Using this strategy, the QFT can be constructed with $K(K-1)/2$ quantum gates, which is on the order of $O(K^2)$. This is considerably less complex than the FFT, which needs on the order of $O(K2^K)$ gates or operations to compute the DFT on a series of $N=2^K$ values.

[[Ek98]](#ref-Ek98)

Practically, the number of gates needed is even lower, this is because the impact of the controlled phase gates with very small phases is negligible, and an approximation of the QFT is enough for Shor's algorithm to work [[Sh99]](#ref-Sh99).

## References

<a name="ref-Ra10"></a>
[Ra10] Rao, K. R., Kim, D. N., & Hwang, J. J. (2010). Fast Fourier transform: algorithms and applications (Vol. 32). Dordrecht: Springer.

<a name="ref-Ek98"></a>
[Ek98] Ekert, A., & Jozsa, R. (1998). Quantum algorithms: entanglement–enhanced information processing. Philosophical Transactions of the Royal Society of London.
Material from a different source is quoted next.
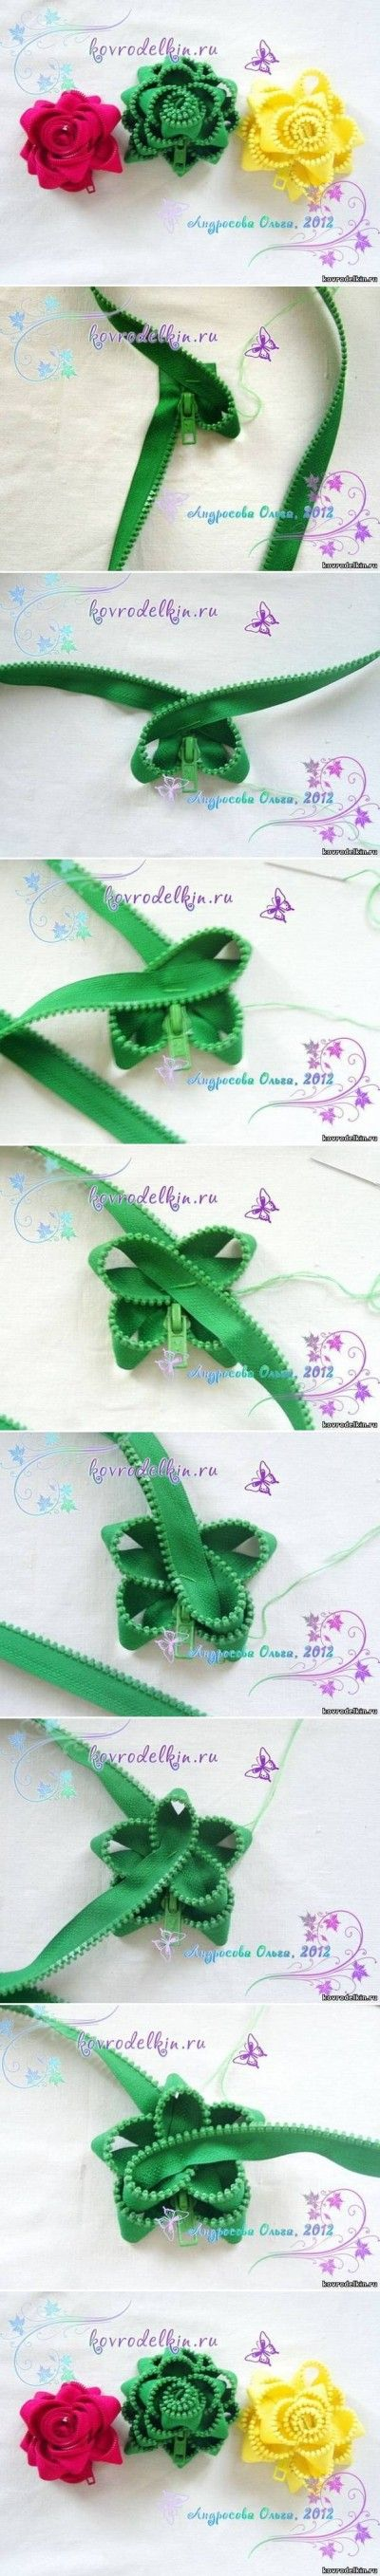 DIY Easy Zipper Rose | www.FabArtDIY.com LIKE Us on Facebook ==> https://www.facebook.com/FabArtDIY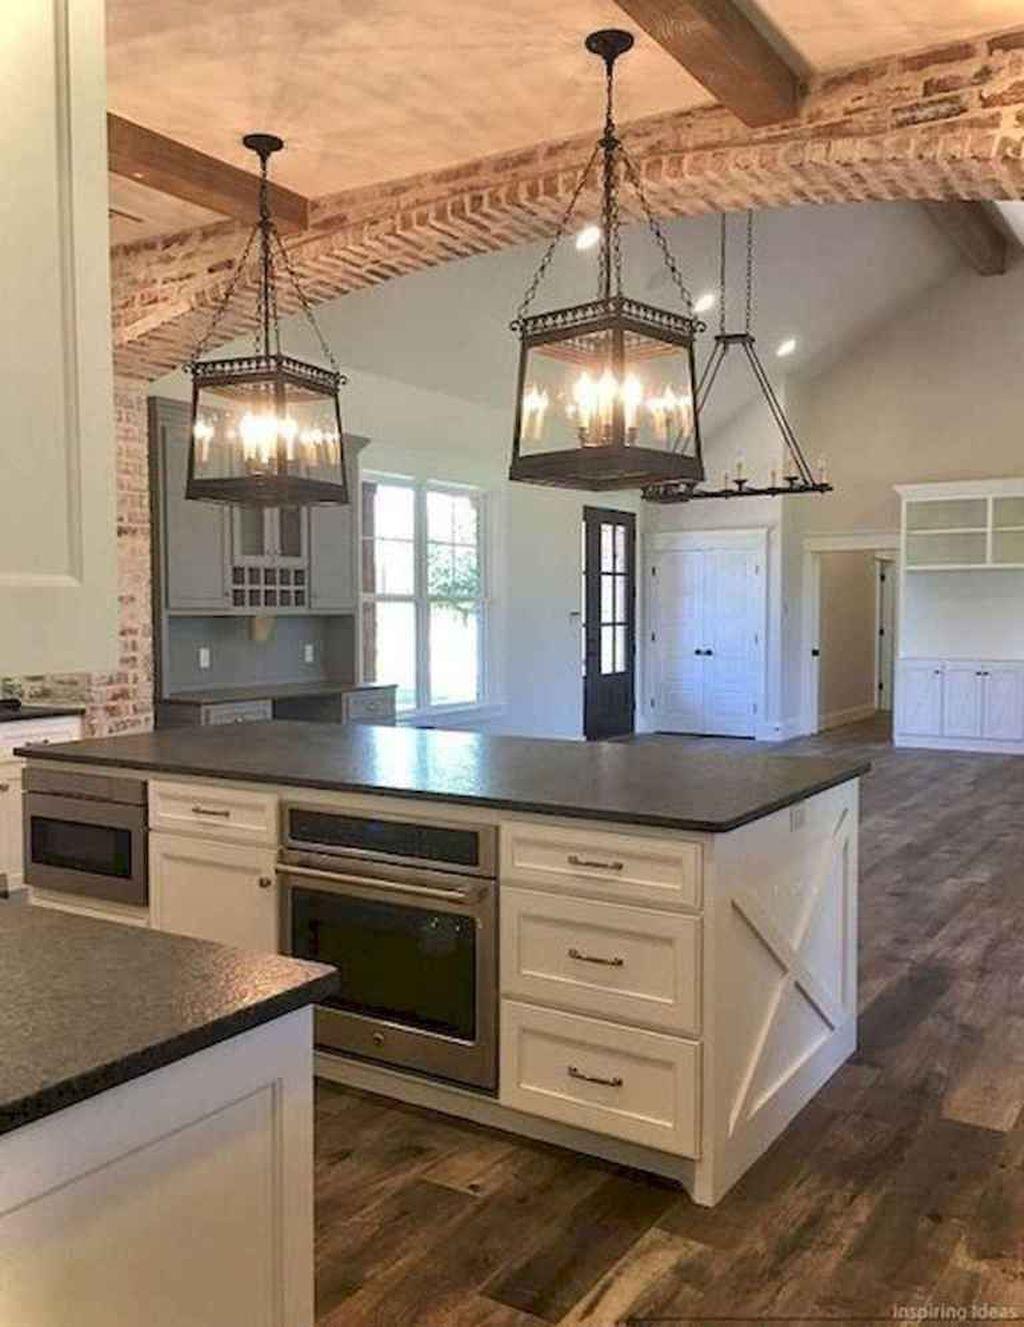 47 DIY Farmhouse Kitchen Makeover Ideas in 2020

Series A: Mathematical, Physical and Engineering Sciences, 356(1743), 1769-1782. [arXiv](https://arxiv.org/abs/quant-ph/9803072)

<a name="ref-Sh99"></a>
[Sh99] Shor, P. W. (1999). Polynomial-time algorithms for prime factorization and discrete logarithms on a quantum computer. SIAM review, 41(2), 303-332. [arXiv](https://arxiv.org/pdf/quant-ph/9508027.pdf)

<a name="ref-Ni10"></a>
[Ni10] Nielsen, M. A., & Chuang, I. L. (2010). Quantum computation and quantum information. Cambridge university press.